__DATASET SECTION__:

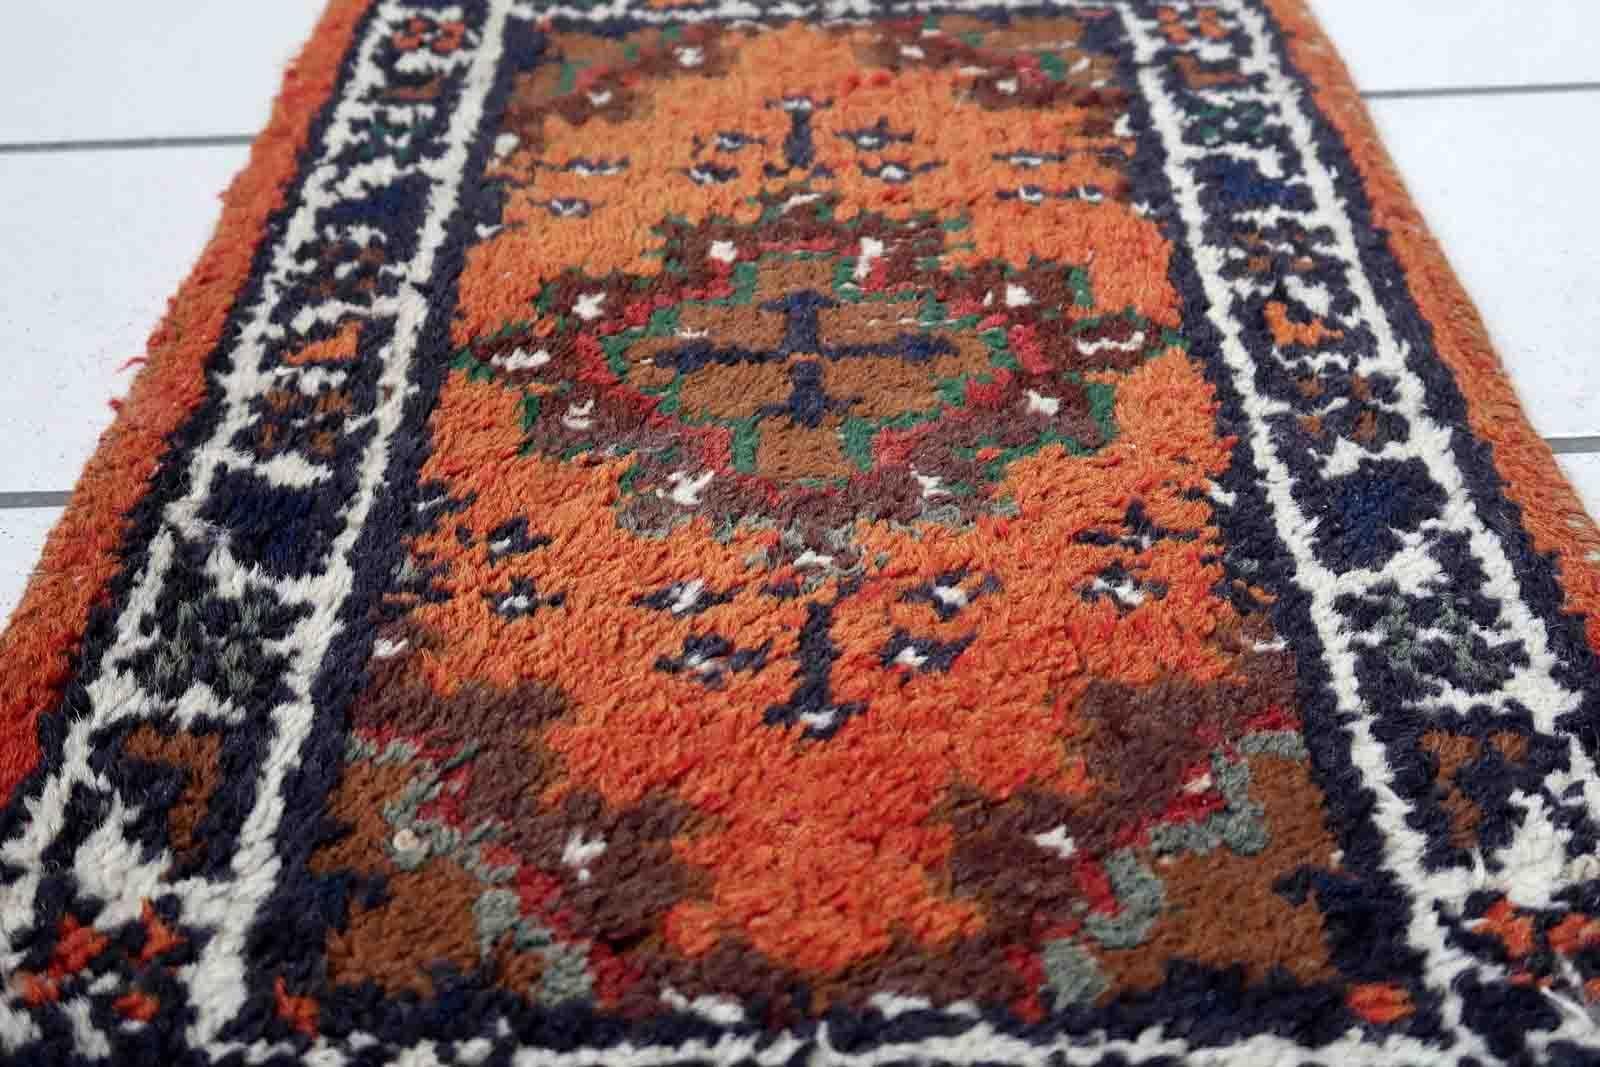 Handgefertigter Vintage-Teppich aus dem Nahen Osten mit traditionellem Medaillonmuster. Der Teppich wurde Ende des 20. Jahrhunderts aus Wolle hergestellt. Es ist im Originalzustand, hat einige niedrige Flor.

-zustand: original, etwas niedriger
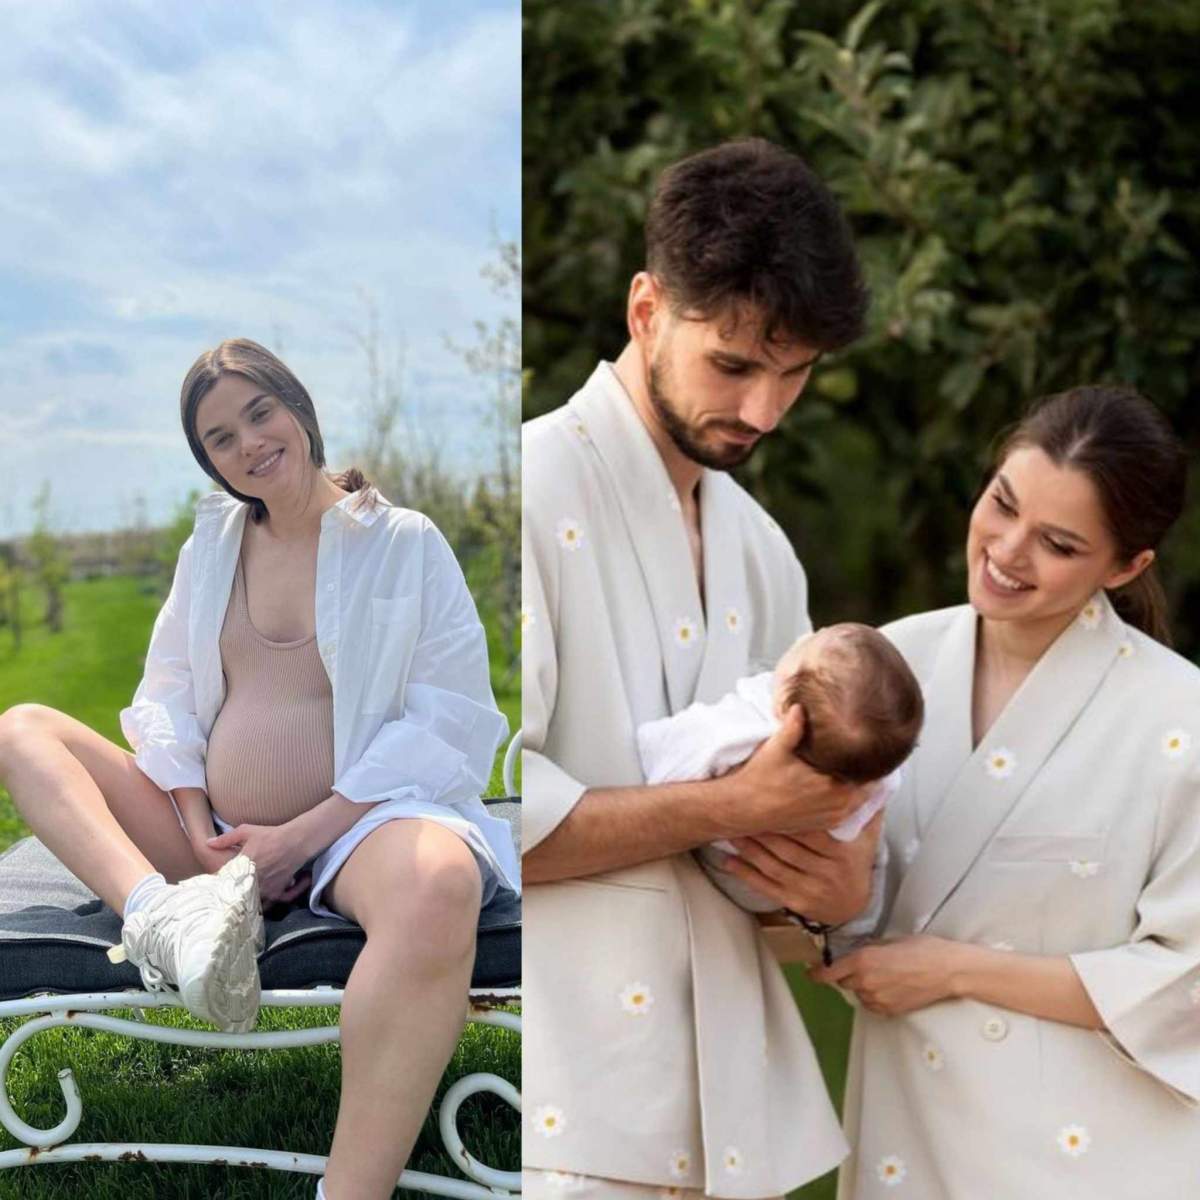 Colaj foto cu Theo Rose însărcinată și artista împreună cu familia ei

__PROBLEM STATEMENT__:
All lines from the one containing "-zustand: original, etwas niedriger" to the last line of the data above, both included, should be printed exactly, and the pictures should not appear.

__RESULT FOR THIS EXERCISE__:
-zustand: original, etwas niedriger
 Colaj foto cu Theo Rose însărcinată și artista împreună cu familia ei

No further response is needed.